To be quite frank, I would say that if someone managed to get a copy of your files, then your security needs rethinking anyway. For my own use, I generally only keep the passwords in one place, (on the server where they should be used) and make sure that I use a randomly generated password each time (paste it into the config file, and voila!)
To be honest, if it's not your own host, ANY sensitive data can be compromised.
If it is your own host, I'd suggest using proper permissions within Linux, and PHPSuExec to make sure that only the scripts that YOU write can access the files.
Anyway, to answer your original question, your AWS Access / Secret Keys are just the same as a MySQL password, Ok, it has the potential to let someone access your service, but it doesn't give them access to your personal details. Even with symetric encryption, if your script has a security hole, the information can be accessed.
Put simply, you take a risk when you put these keys anywhere that is accessible to anyone but you.
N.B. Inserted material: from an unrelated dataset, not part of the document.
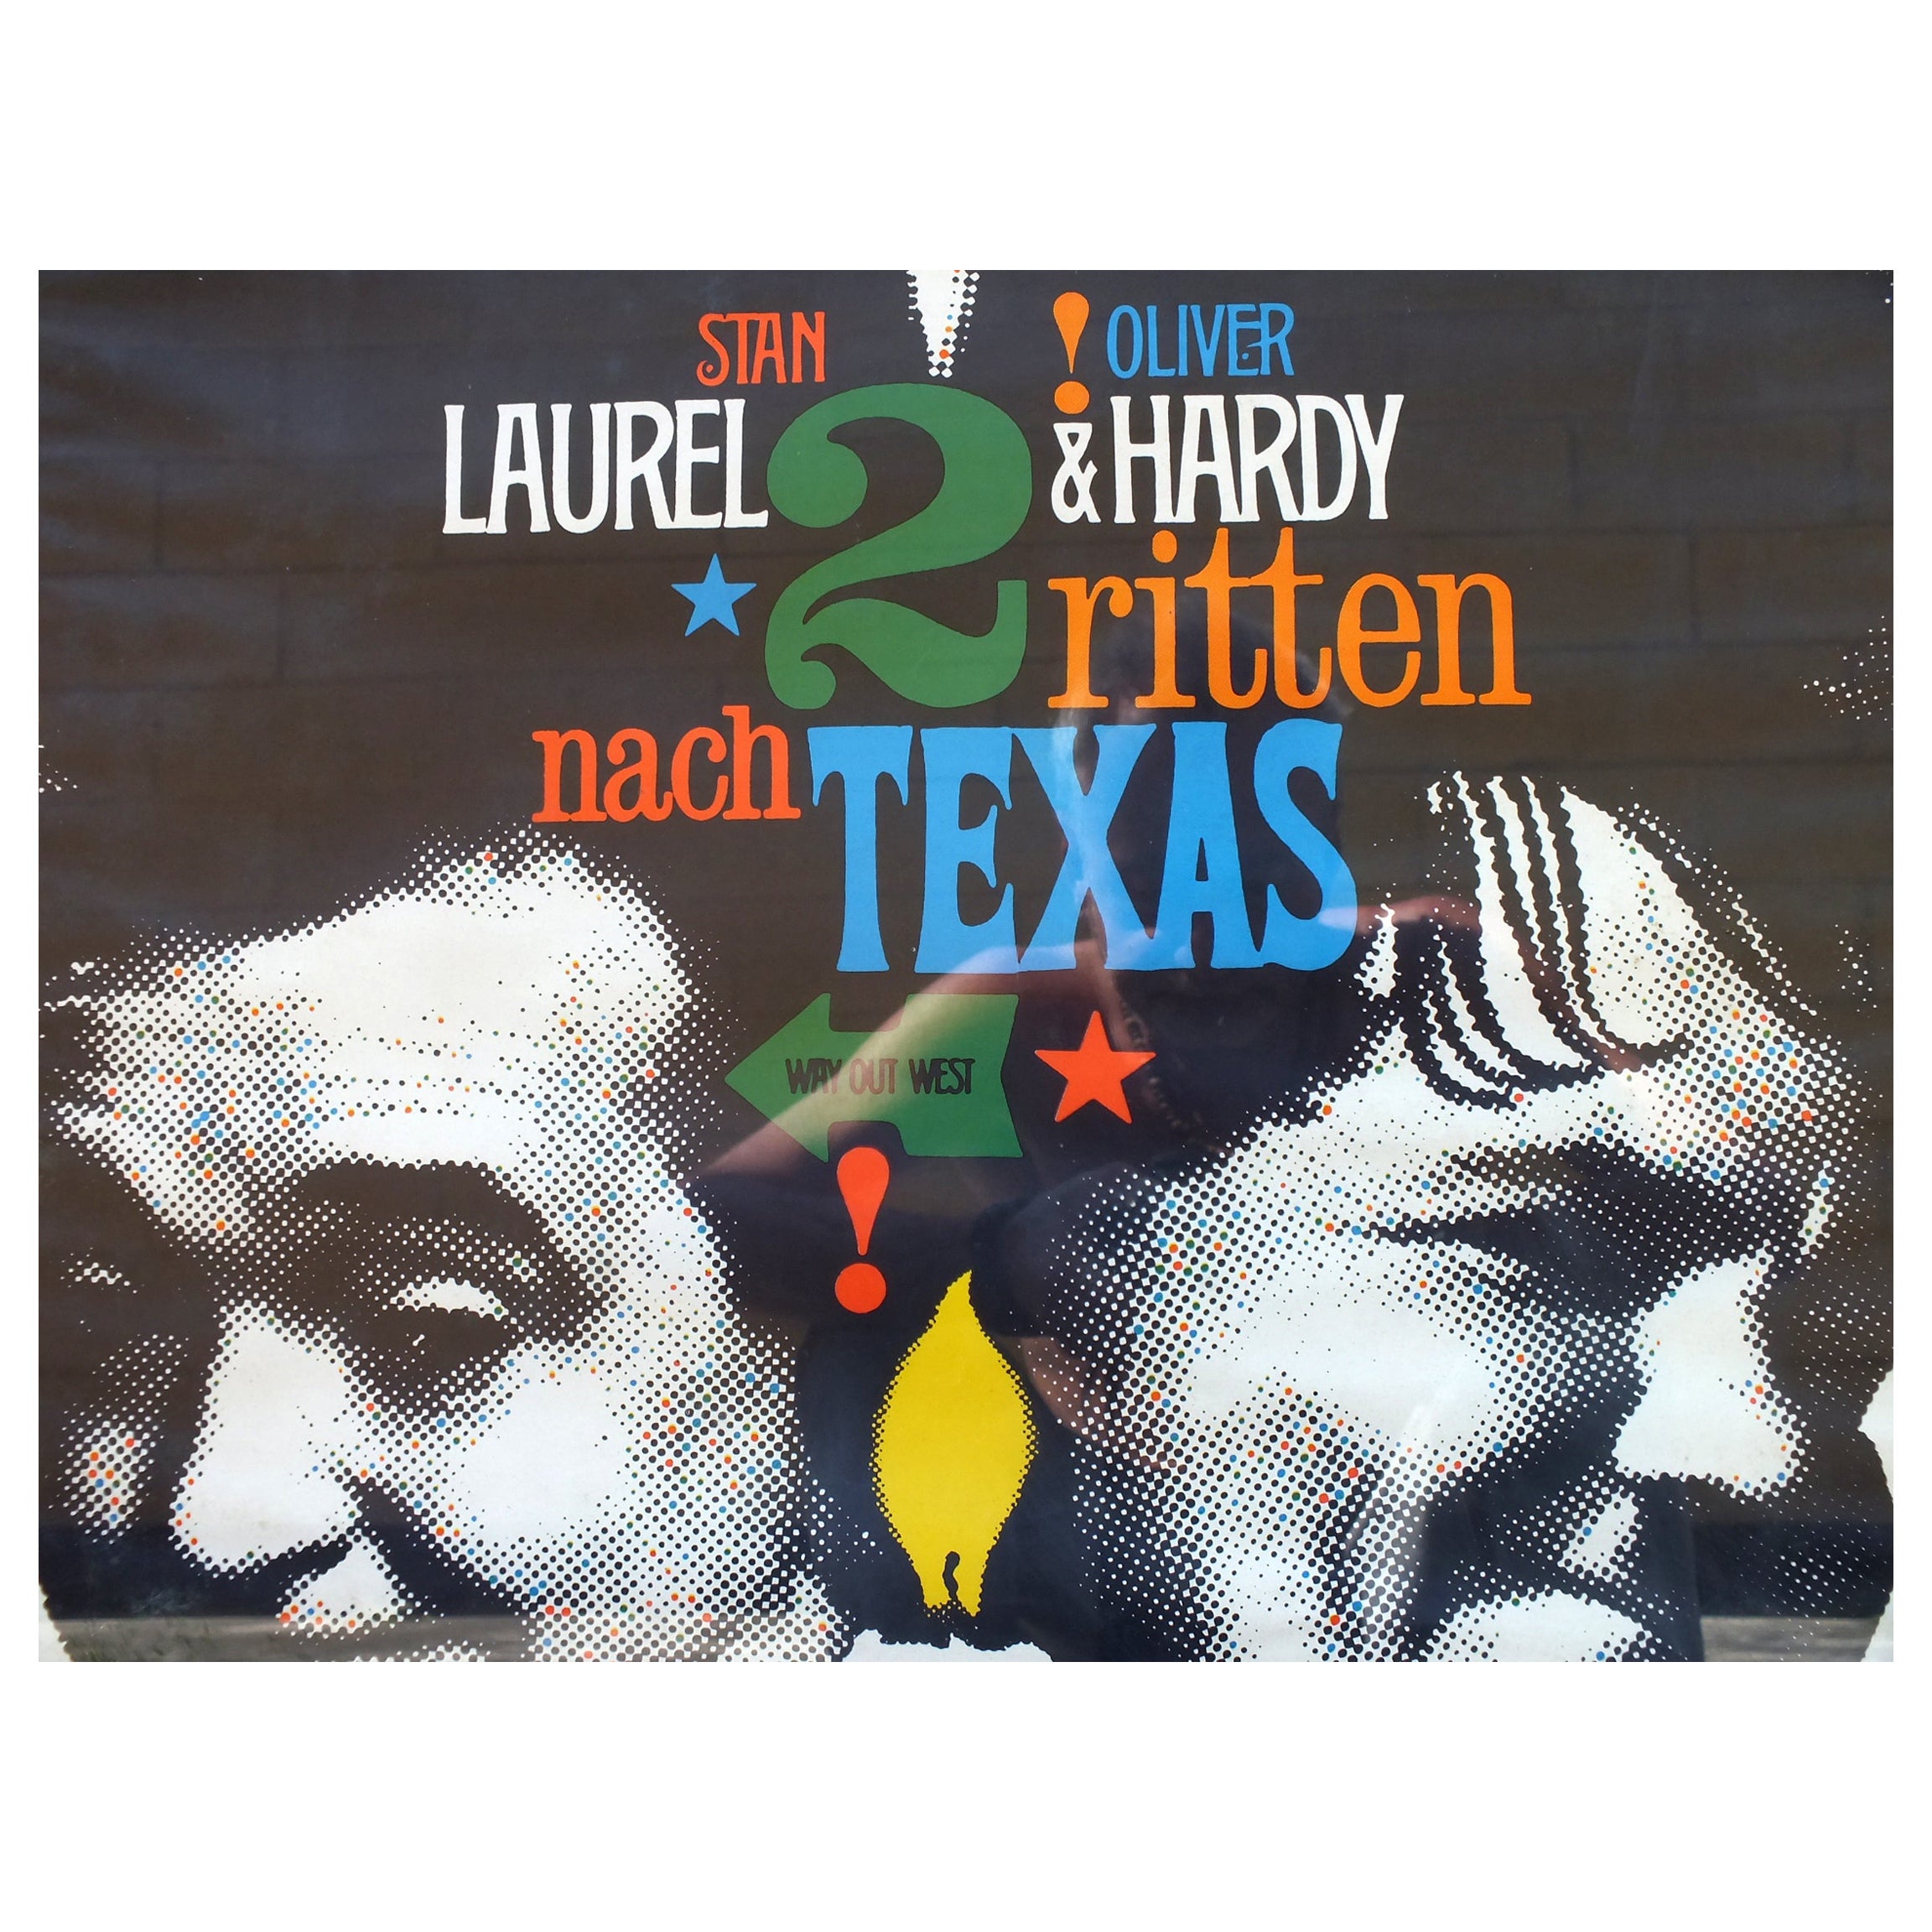  Laurel&Oliver Hardy 2 ritten nach texas/Way Out West Gunther Kieser '60 movie en vente

How much do you trust Amazon's servers not to be compromised?
My suggestion would be to try and add as much security as you can, but keep an eye on your account, I'll generally have a cron job running to send me an email with changes to my S3 account (new files uploaded, new buckets etc etc) and from that I can tell what's going on.
There is no easy solution, it's a mix of securing each seperate layer of the System. I mean, if you use symetric encryption, the password for that has to be stored somewhere, right? or are you going to type it in every time ?
Hope this helps
My thought is to symmetrically encrypt it into a file based on a key created from local server variables. That way it's [hopefully] gibberish if someone gets a copy of the file through FTP, lost laptop with files copied, etc. The concern I have is that a skilled attacker could just upload their own script to decrypt it.
This wouldn't hurt, but ultimately it is just security through obscurity as somebody who can read the file can probably also read and reverse engineer your code. Short of typing in a password or otherwise providing a secret every time the server starts, encryption isn't going to help. It just shifts the problem to how will you protect the encryption key (which also needs to be accessible to the server)?
You have to harden and design your application and server (don't forget the OS, and remote access to the OS) so that nobody unauthorised can read the files on the system in the first place.
If you're worried about someone getting physical access to the box, concentrate on physical security to stop that happening.
I use symmetric encryption like you suggest. When I start my server I need to give it a key to decrypt the files containing the authentication data.
Of course a hacker could do a memory dump and read the password that way but that's quite a bit tougher than reading a cleartext file. There's no perfect solution, security is always a compromise between risk and ease of use.
So server security is still the key issue, its just a question of how much security is enough. I'd suggest looking at Bastille Linux or something like that to harden your server but that's another topic altogether.